Luckily, relentless and ridiculous optimism runs through the collective DNA of school leaders. It’s their instinct to look for what they can learn and make better, even from the most devastating of experiences. Modelling deliberate calm and bounded optimism takes grit as well as grace. Small acts of kindness and recognition are more important than ever as people look for connection. One of the Heads in our Trust sends me an uplifting message at the beginning of every week entitled ‘Happy Monday!’ It makes a real difference. And we are learning so much: young people truly are resilient, they have returned with a renewed awareness and respect for their education. They appreciate the joy in simply being together. The adaptability we’ve demonstrated as a profession to manage remote learning for over ten million young people across the UK will drive us to seek more creative solutions to learning in the future. Our Trust digital strategy has progressed more in the last six months than it would have done in three years in normal times. There is a truth that ‘Only a crisis –actual or perceived – produces real change’ Milton Friedman. Our relationship with families, our key partners in home learning, are transformed now and for the future, and for the better.

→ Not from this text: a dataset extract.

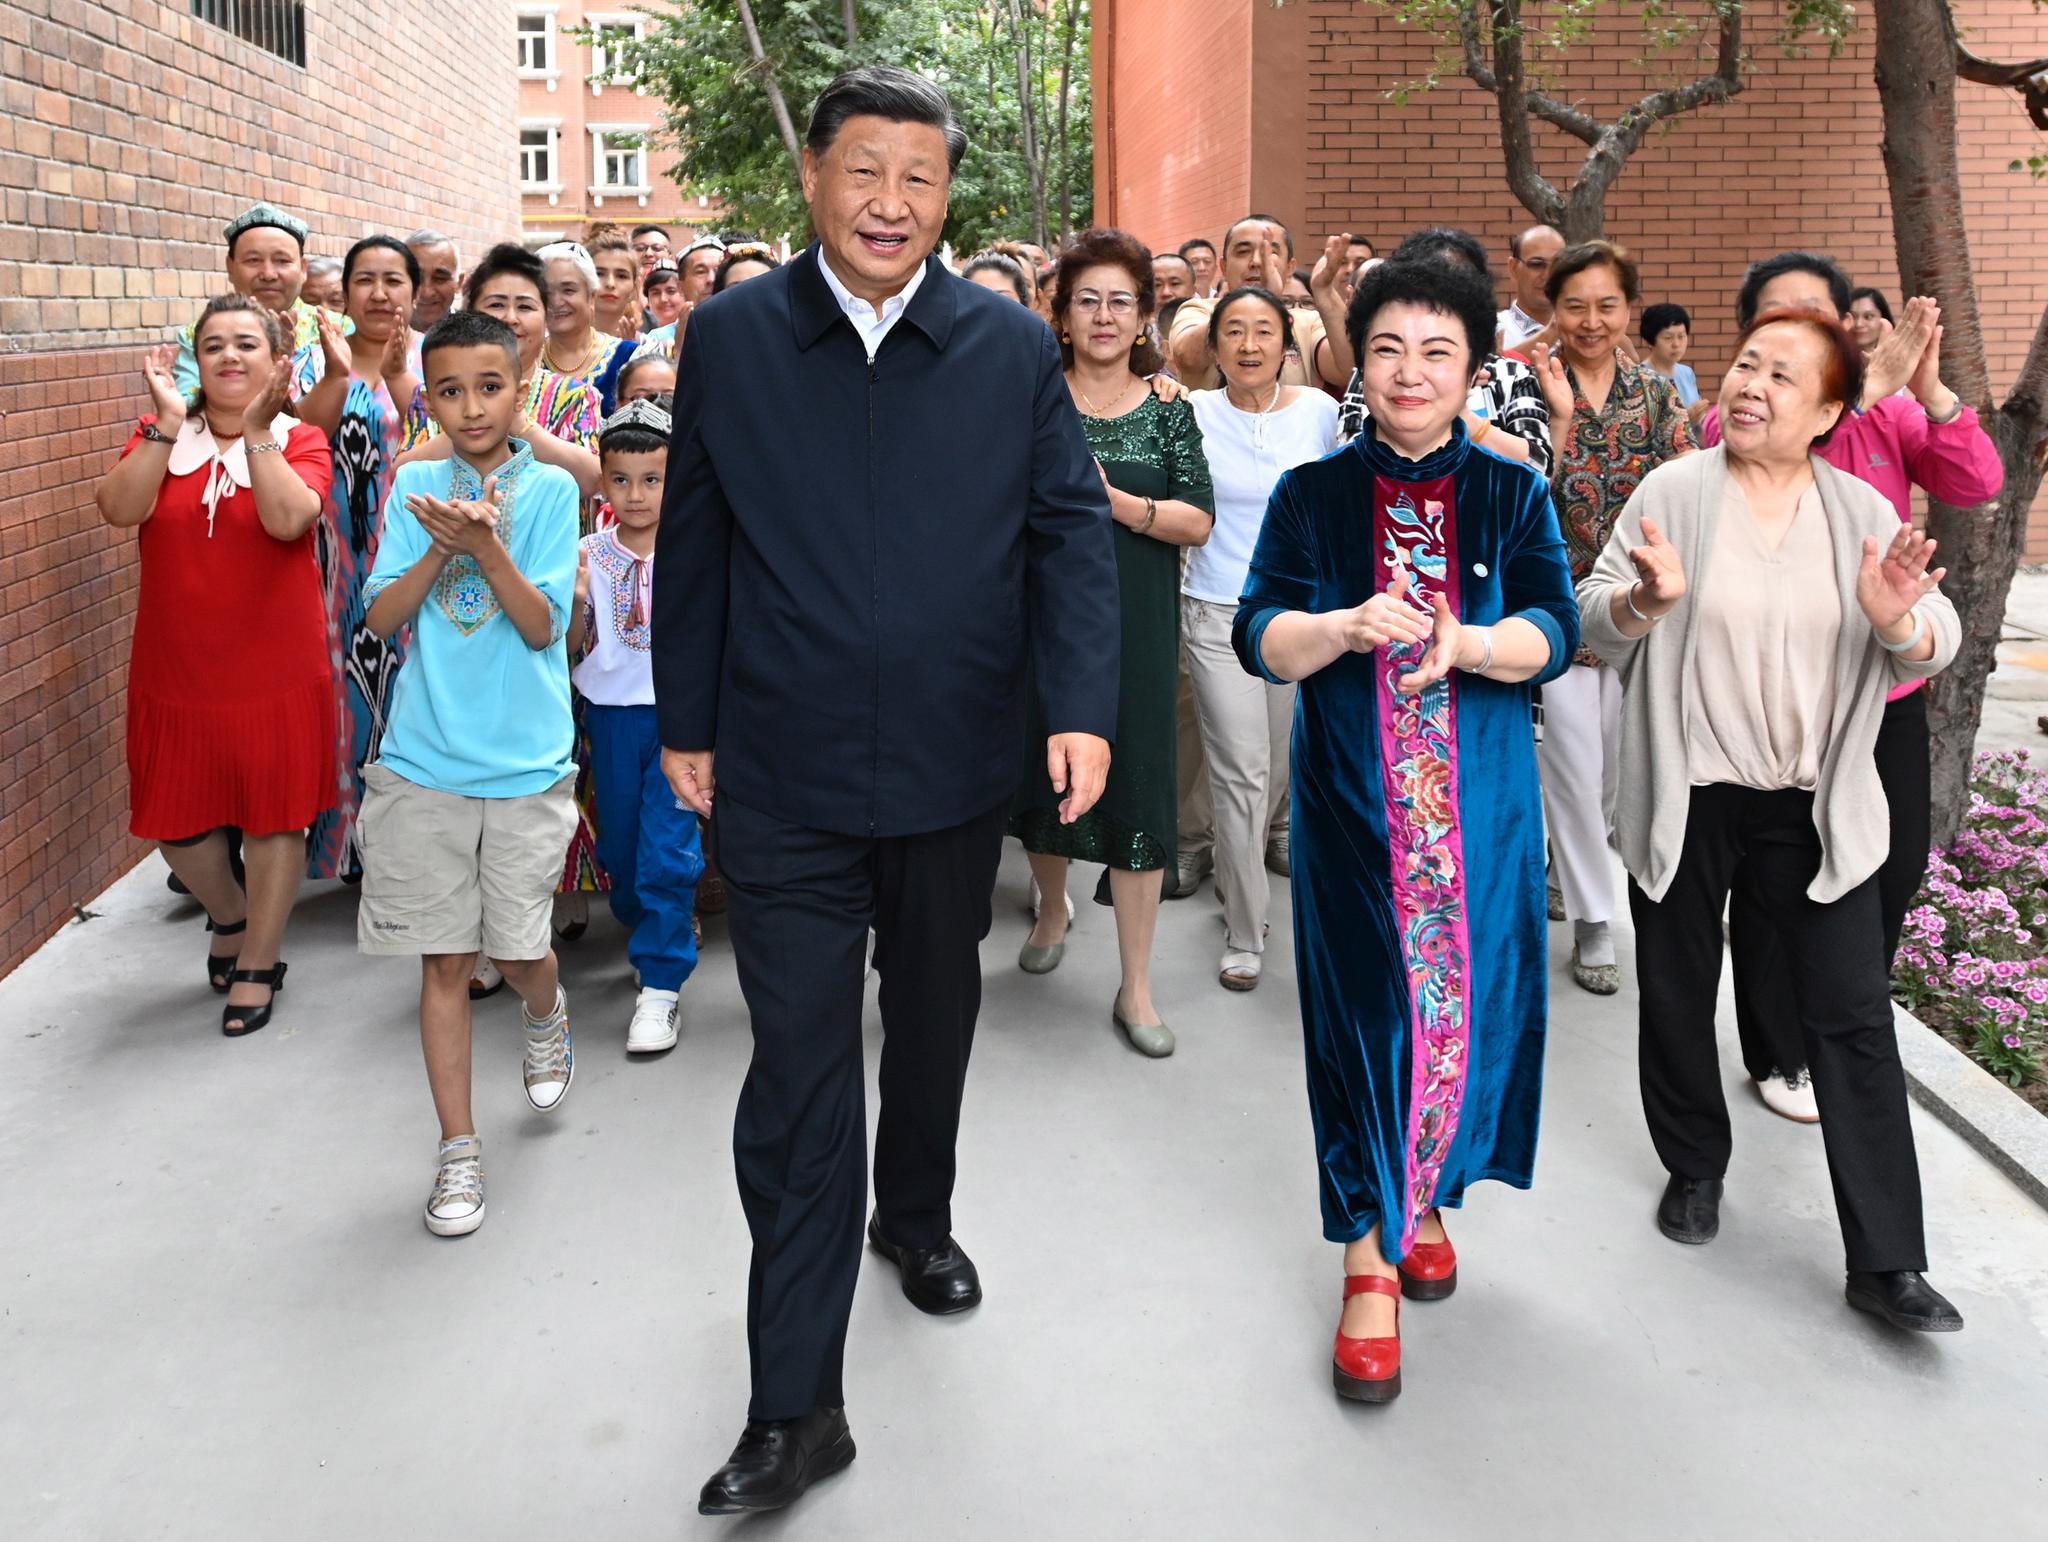 Kinas president, Xi Jinping, var nylig på besøk i den autonome uiguriske regionen Xinjiang nordvest i Kina, der tusenvis av uigurer har havnet i strengt bevoktede arbeidsleirer. Uigurer og andre kinesiske statsborgere som kjemper for rettighetene til den muslimske minoriteten, risikerer å bli pågrepet og utlevert til Kina hvis de driver aktivisme i eksil. De risikerer også at familien hjemme får problemer.

School leaders have displayed quiet and understated heroism: strength, care and dignity over this year. But they are not superhuman. They also have families, children, and worries to bear. So, whilst this article pays tribute to students, staff and parents it is written to celebrate the leaders of our schools who are quietly putting the world back on to its axis for their school communities. If you have a headteacher in your life, I would urge you to take a few minutes out of your day to make contact with them and to share a simple message of thanks. It will make their day – and I can promise you, it will be a long one.